Having the kafka topic set to use log compaction and tombstones sounds like the perfect way to minimise resources used for this, as well as sending an up to date picture.
However I had a (probably very naive) question:
Log Compaction will leave the latest events (could be a create or update I guess…) in the topic.
But if your consumer will act differently with creates vs updates, then this is an issue when you are replaying?
Is there a way around this with log compaction ,or is it simply to not use log compaction?
I am by no means an expert, but if you use log compaction, you will miss some actions on the database. If for example a value for a given ID is A and then changed to B (for the same key) then with log compaction the stream will only show B. That is… the consumer will get both events, but in a replay scenario, the consumer will only see B.
I think it all depends on how you want to use the data. If you just want a replika og the database then log compaction is a god fit. you dont need to know the fact that the value changed from A to B.
If you however need to know that an atribute changed (e.g adress changed) and you have logic depending on that change, than log compaction is not an option if you want to replay the event stream.

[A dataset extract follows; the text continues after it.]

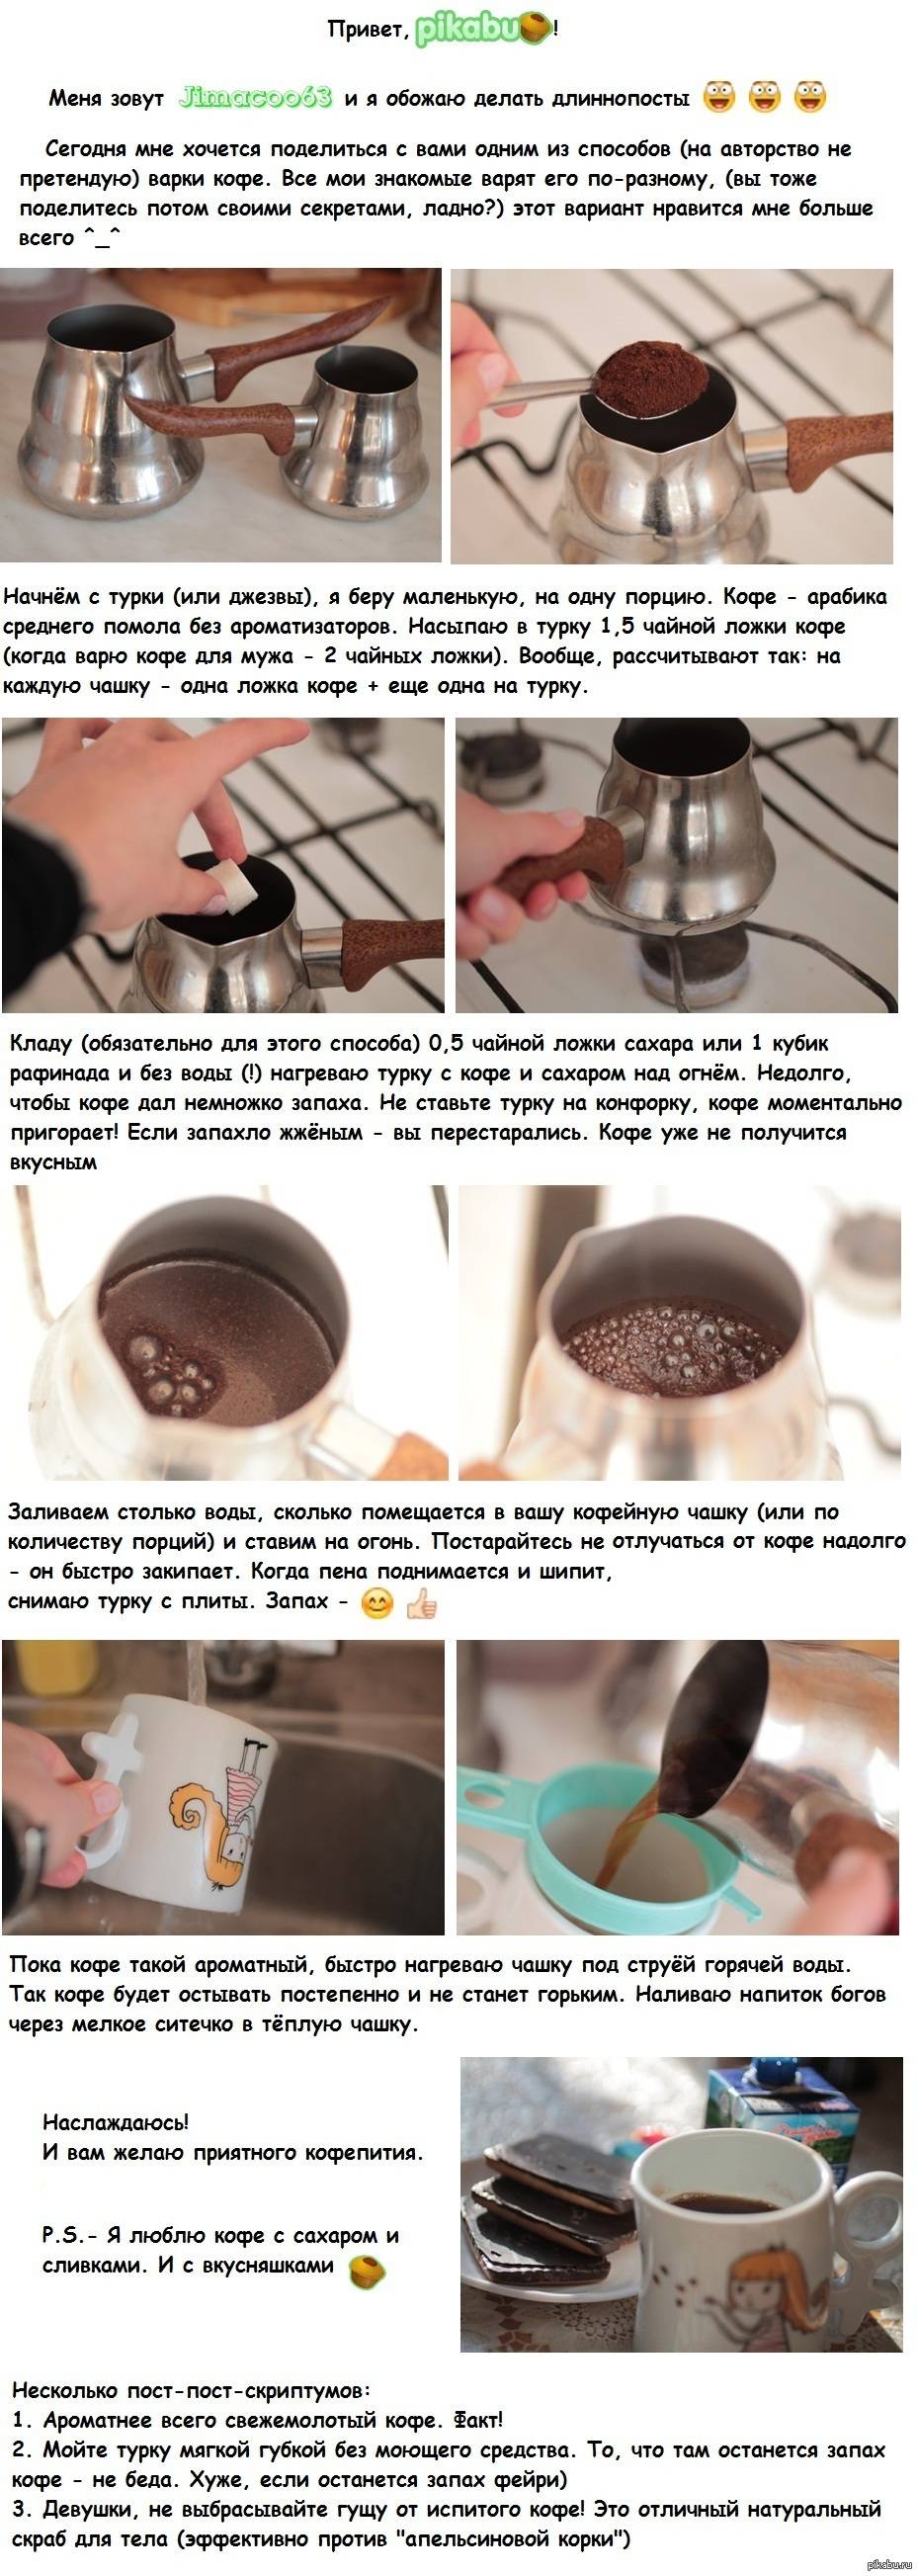 Кофе в микроволновке – рецепт и советы по приготовлению

Kafka is reallly! usefull for message replay for new consumers… that is if you need it to be (No shit Sherlock ) The project I am currently located to uses kafka “replay” heavely (or to be more precise planning to do it). We store the data on the topic for a long period of time (3 months) and the idea is that if we somehow need a different database model (the original services persists data from kafka) we kan just spin up a new database and a “new” consumer with a new scheme. That way we can have two seperat models runnig in paralell until we can confirm that the new model is correct and then we can delete the old database and again work with just one model. Godbye SQL migrations scrips and late nighs…Working in paralell have saved us from so much time and greef. My only concirn is that 3 month is not long enough… why not forever ?
Ofcause this way of working is not exactly like you presented your issue, bit i will still argue that it explains why not “deleting” data is a god thing. Tradeoff is diskspace/storrage… no question about it…